Print the entire listing below word for word, excluding its pictures.

▸ **PROVIDED DATA**:
*** Block opens ***
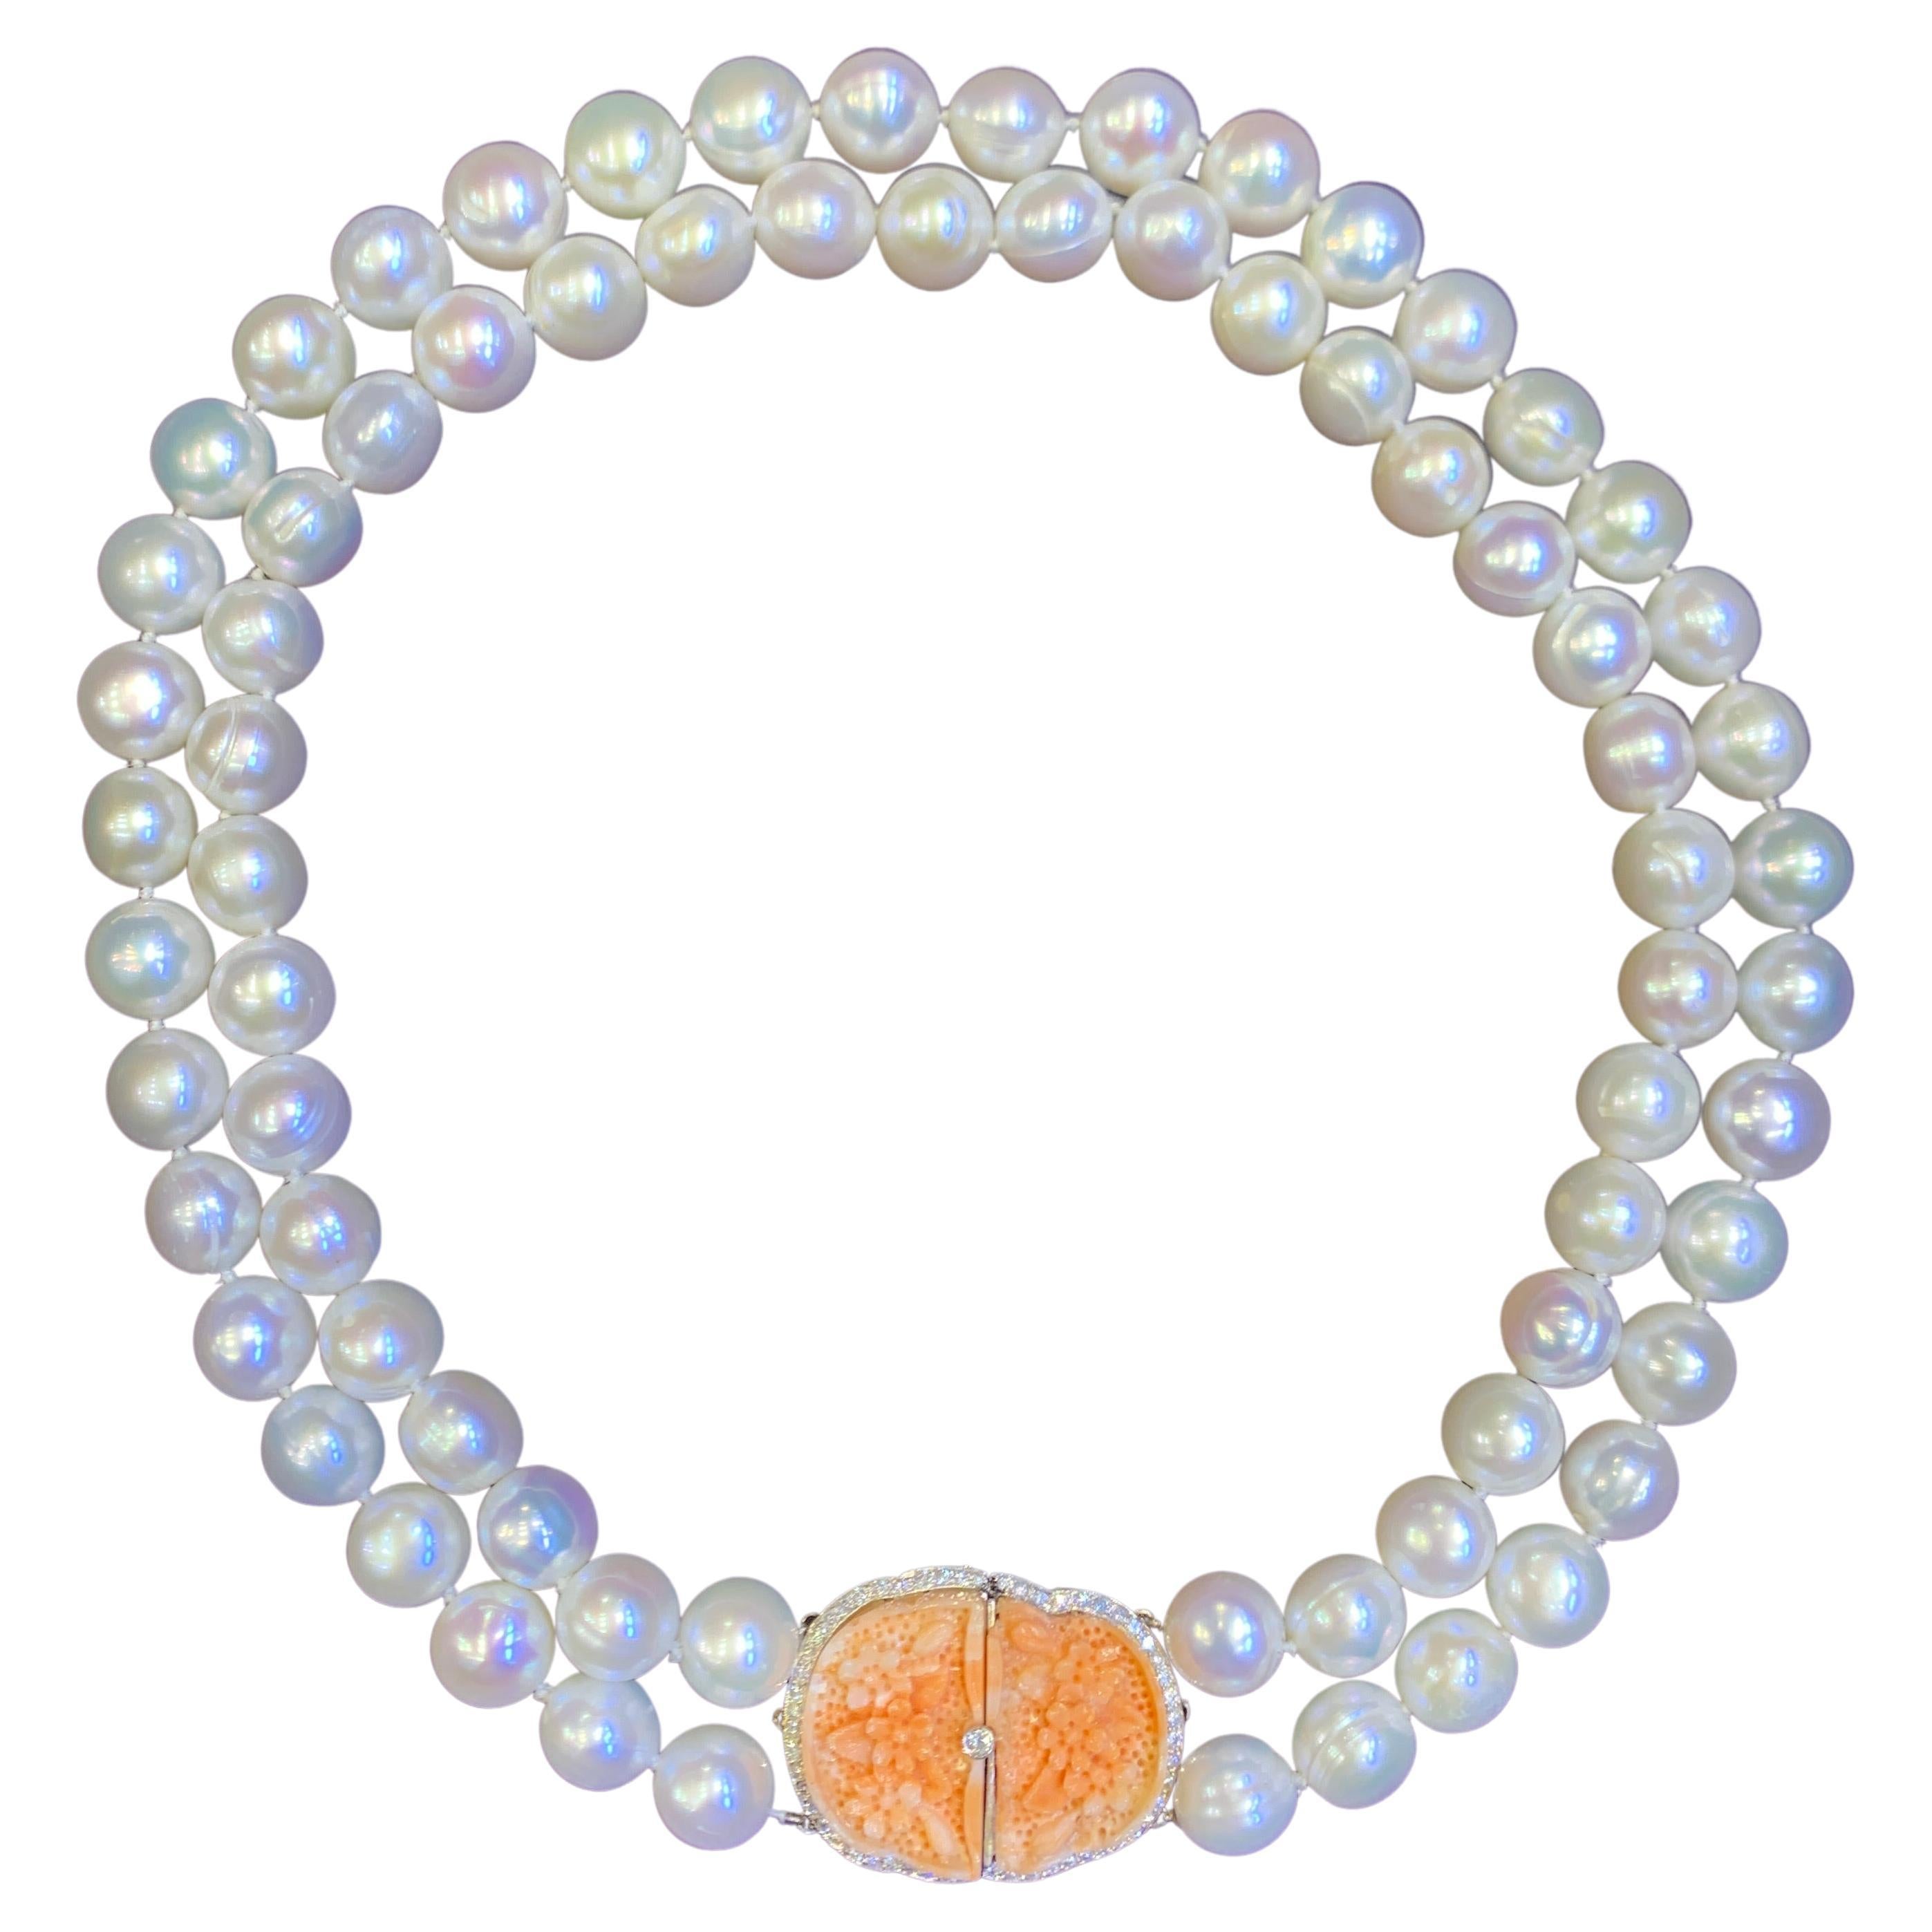 Collier à deux brins en perles et corail sculpté

Ce collier se compose de deux rangs de perles de culture attachés par un fermoir en or blanc 18 carats serti de 56 diamants ronds et de deux coraux à motif floral magnifiquement sculptés.

Estampillé
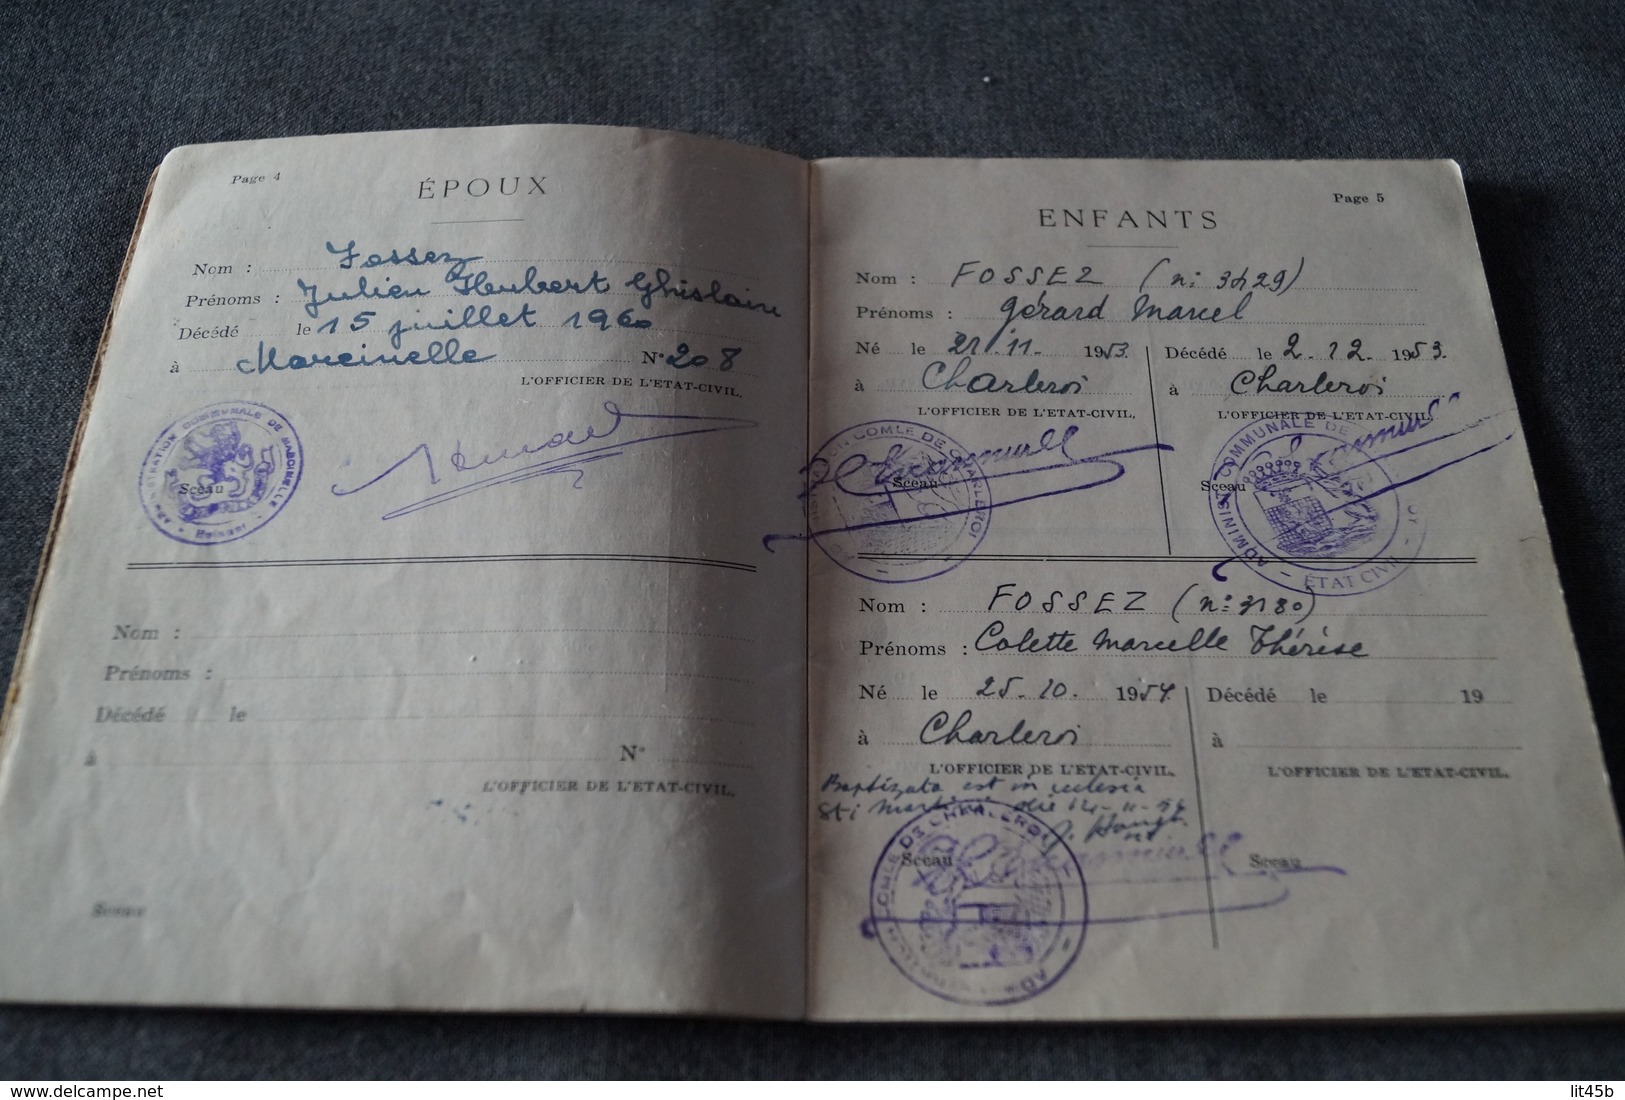 Charleroi,Fossez Julien et Hament Andrée,1944,ancien carnet de mariage,pour collection
*** Block closes ***
▸ **RESPONSE TO THE EXERCISE**:
 Collier à deux brins en perles et corail sculpté

Ce collier se compose de deux rangs de perles de culture attachés par un fermoir en or blanc 18 carats serti de 56 diamants ronds et de deux coraux à motif floral magnifiquement sculptés.

Estampillé
 Charleroi,Fossez Julien et Hament Andrée,1944,ancien carnet de mariage,pour collection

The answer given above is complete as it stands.